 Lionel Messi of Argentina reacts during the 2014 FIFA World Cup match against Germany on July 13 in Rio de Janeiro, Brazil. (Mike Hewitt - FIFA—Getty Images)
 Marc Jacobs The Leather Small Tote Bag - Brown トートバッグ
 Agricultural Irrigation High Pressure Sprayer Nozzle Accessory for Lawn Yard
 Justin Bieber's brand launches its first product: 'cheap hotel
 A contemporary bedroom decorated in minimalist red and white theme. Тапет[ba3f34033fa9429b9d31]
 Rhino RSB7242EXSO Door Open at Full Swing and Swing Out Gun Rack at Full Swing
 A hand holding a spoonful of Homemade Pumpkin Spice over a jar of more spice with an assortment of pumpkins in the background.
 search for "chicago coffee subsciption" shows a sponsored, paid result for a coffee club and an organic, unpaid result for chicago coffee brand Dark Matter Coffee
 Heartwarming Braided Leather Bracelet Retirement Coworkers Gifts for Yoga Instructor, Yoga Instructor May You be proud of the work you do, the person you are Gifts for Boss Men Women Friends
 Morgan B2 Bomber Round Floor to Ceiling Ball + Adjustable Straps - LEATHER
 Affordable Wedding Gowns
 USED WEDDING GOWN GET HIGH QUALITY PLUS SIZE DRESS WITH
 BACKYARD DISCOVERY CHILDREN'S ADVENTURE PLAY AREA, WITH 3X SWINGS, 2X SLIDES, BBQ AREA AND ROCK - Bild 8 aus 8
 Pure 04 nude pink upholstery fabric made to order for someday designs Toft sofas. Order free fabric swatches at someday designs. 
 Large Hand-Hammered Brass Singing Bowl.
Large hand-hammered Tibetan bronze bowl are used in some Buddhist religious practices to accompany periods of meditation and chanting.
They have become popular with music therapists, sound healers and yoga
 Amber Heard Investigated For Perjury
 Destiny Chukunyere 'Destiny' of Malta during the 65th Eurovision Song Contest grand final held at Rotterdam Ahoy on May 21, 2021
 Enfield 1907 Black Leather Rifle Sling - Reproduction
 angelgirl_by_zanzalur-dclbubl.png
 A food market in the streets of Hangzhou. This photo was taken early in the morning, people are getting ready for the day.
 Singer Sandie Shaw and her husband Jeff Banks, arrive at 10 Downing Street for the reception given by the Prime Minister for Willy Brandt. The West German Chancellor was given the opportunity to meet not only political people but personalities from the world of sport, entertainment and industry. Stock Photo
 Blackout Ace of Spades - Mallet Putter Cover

* * * * *

• _ABOUT THIS TASK_
All of the material should be set down exactly as it reads.

• _ANSWER SPACE_
 Lionel Messi of Argentina reacts during the 2014 FIFA World Cup match against Germany on July 13 in Rio de Janeiro, Brazil. (Mike Hewitt - FIFA—Getty Images)
 Marc Jacobs The Leather Small Tote Bag - Brown トートバッグ
 Agricultural Irrigation High Pressure Sprayer Nozzle Accessory for Lawn Yard
 Justin Bieber's brand launches its first product: 'cheap hotel
 A contemporary bedroom decorated in minimalist red and white theme. Тапет[ba3f34033fa9429b9d31]
 Rhino RSB7242EXSO Door Open at Full Swing and Swing Out Gun Rack at Full Swing
 A hand holding a spoonful of Homemade Pumpkin Spice over a jar of more spice with an assortment of pumpkins in the background.
 search for "chicago coffee subsciption" shows a sponsored, paid result for a coffee club and an organic, unpaid result for chicago coffee brand Dark Matter Coffee
 Heartwarming Braided Leather Bracelet Retirement Coworkers Gifts for Yoga Instructor, Yoga Instructor May You be proud of the work you do, the person you are Gifts for Boss Men Women Friends
 Morgan B2 Bomber Round Floor to Ceiling Ball + Adjustable Straps - LEATHER
 Affordable Wedding Gowns
 USED WEDDING GOWN GET HIGH QUALITY PLUS SIZE DRESS WITH
 BACKYARD DISCOVERY CHILDREN'S ADVENTURE PLAY AREA, WITH 3X SWINGS, 2X SLIDES, BBQ AREA AND ROCK - Bild 8 aus 8
 Pure 04 nude pink upholstery fabric made to order for someday designs Toft sofas. Order free fabric swatches at someday designs. 
 Large Hand-Hammered Brass Singing Bowl.
Large hand-hammered Tibetan bronze bowl are used in some Buddhist religious practices to accompany periods of meditation and chanting.
They have become popular with music therapists, sound healers and yoga
 Amber Heard Investigated For Perjury
 Destiny Chukunyere 'Destiny' of Malta during the 65th Eurovision Song Contest grand final held at Rotterdam Ahoy on May 21, 2021
 Enfield 1907 Black Leather Rifle Sling - Reproduction
 angelgirl_by_zanzalur-dclbubl.png
 A food market in the streets of Hangzhou. This photo was taken early in the morning, people are getting ready for the day.
 Singer Sandie Shaw and her husband Jeff Banks, arrive at 10 Downing Street for the reception given by the Prime Minister for Willy Brandt. The West German Chancellor was given the opportunity to meet not only political people but personalities from the world of sport, entertainment and industry. Stock Photo
 Blackout Ace of Spades - Mallet Putter Cover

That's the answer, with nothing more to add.